Aren't there antidepressants which help against pain and also make you horny?
Wellbutrin was said to increase libido but for me it didn't. But at least I could still cum. -
Conventional antidepressants work by increasing the levels of one or more of three neurotransmitters: serotonin, norepinephrine and dopamine. Amitriptyline, for example, increases serotonin most, then norepinephrine; dopamine hardly at all. Bupropion increases dopamine level most, then norepinephrine; serotonin hardly at all. The sexual side-effects are associated with increase in serotonin, which is why bupropion doesn't have them. Serotonin seems however to also be associated with anti-anxiety effects, so the serotonin antidepressants are best for also relieving anxiety. For chronic/neuropathic pain it seems that norepinephrine might be important, but possibly also serotonin. The antidepressants most often used for chronic pain are ones that affect both serotonin and norepinephrine: as well as amitriptyline, venlafaxine, duloxetine and milnacipran are used--these are not tricyclics but they have the same effect.
Amineptine is a tricyclic antidepressant that doesn't make it hard to achieve orgasm, because it only works on dopamine. But the chances are it won't do anything for pain (and it has been withdrawn from the market in many places due to abuse potential).
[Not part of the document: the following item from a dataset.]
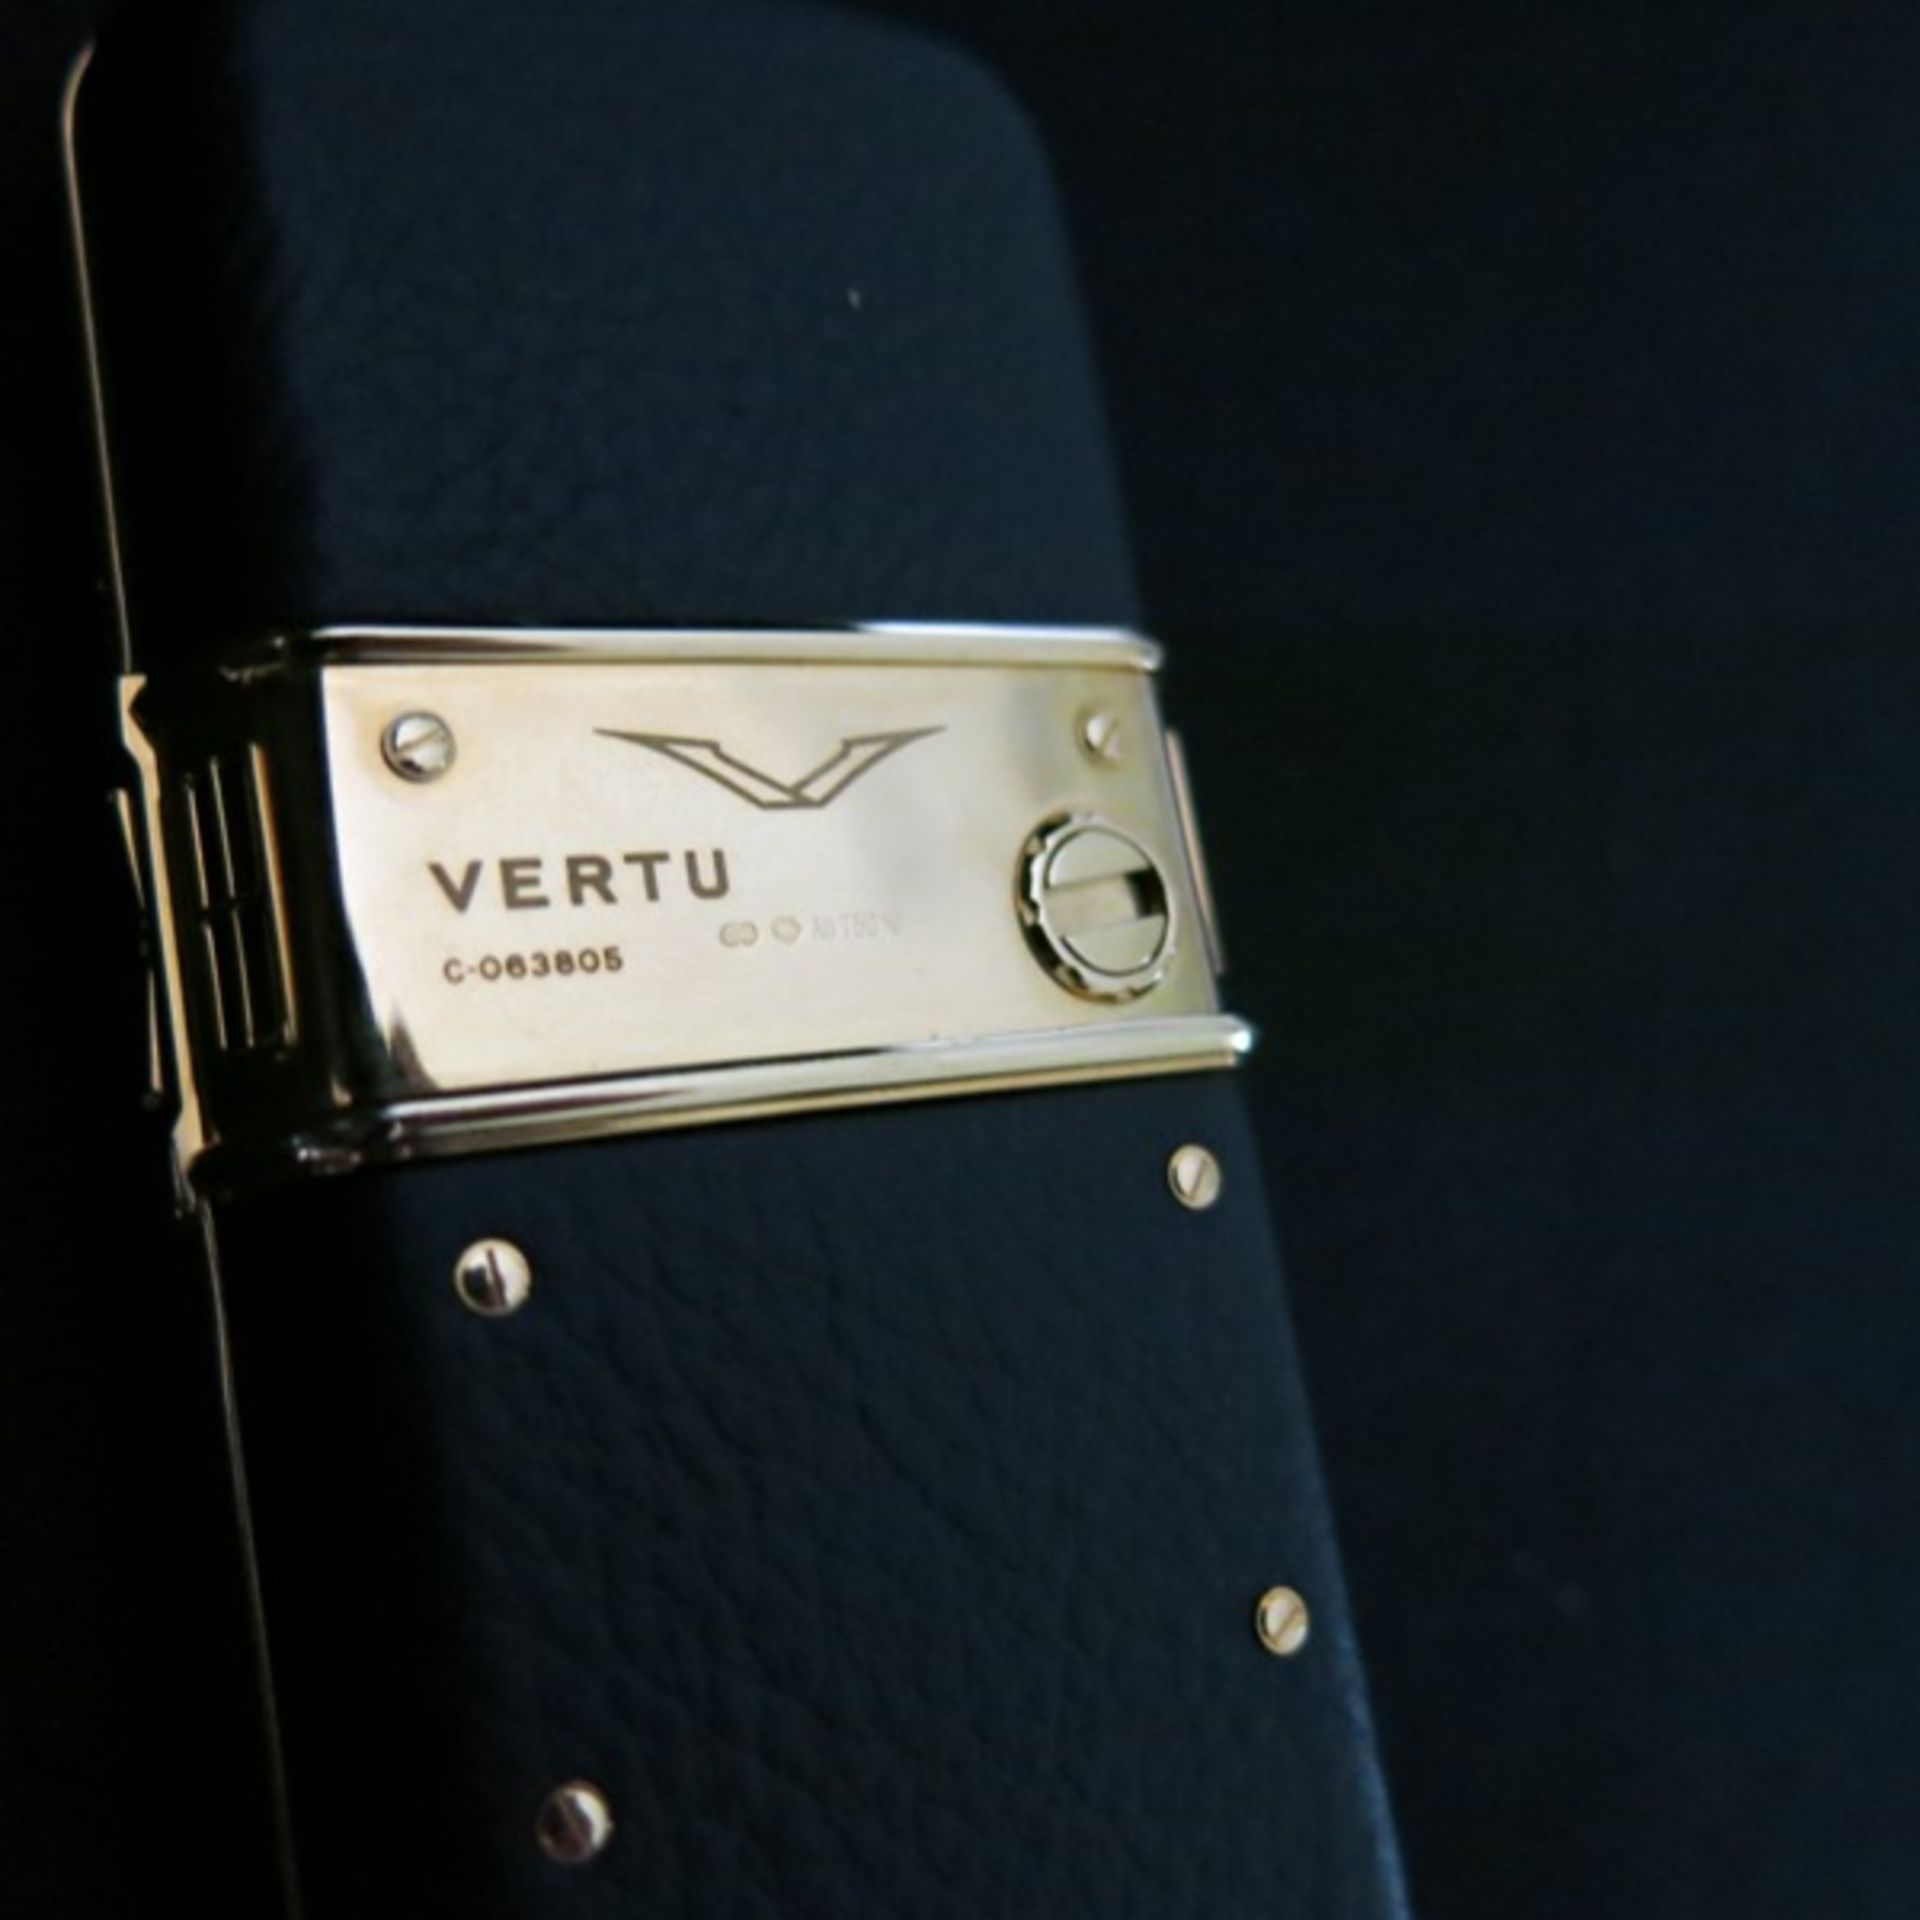 Vertu Constellation Classic Phone with 18kt Yellow Gold & Diamond Trim Bezel, Back Plate, Select Key - Image 3 of 6

Mirtazepine is an antidepressant that increases both norepinephrine and serotonin, but it blocks the specific receptors responsible for the sexual side-effects. However it doesn't seem to be used for pain: I don't know if that means it hasn't been tried, or has been tried and found ineffective. However trazodone, which only affects serotonin but also blocks the 'bad' specific receptors, has been used for pain, and might be worth trying. It also helps with anxiety and insomnia, and has even been used for treating erectile dysfunction.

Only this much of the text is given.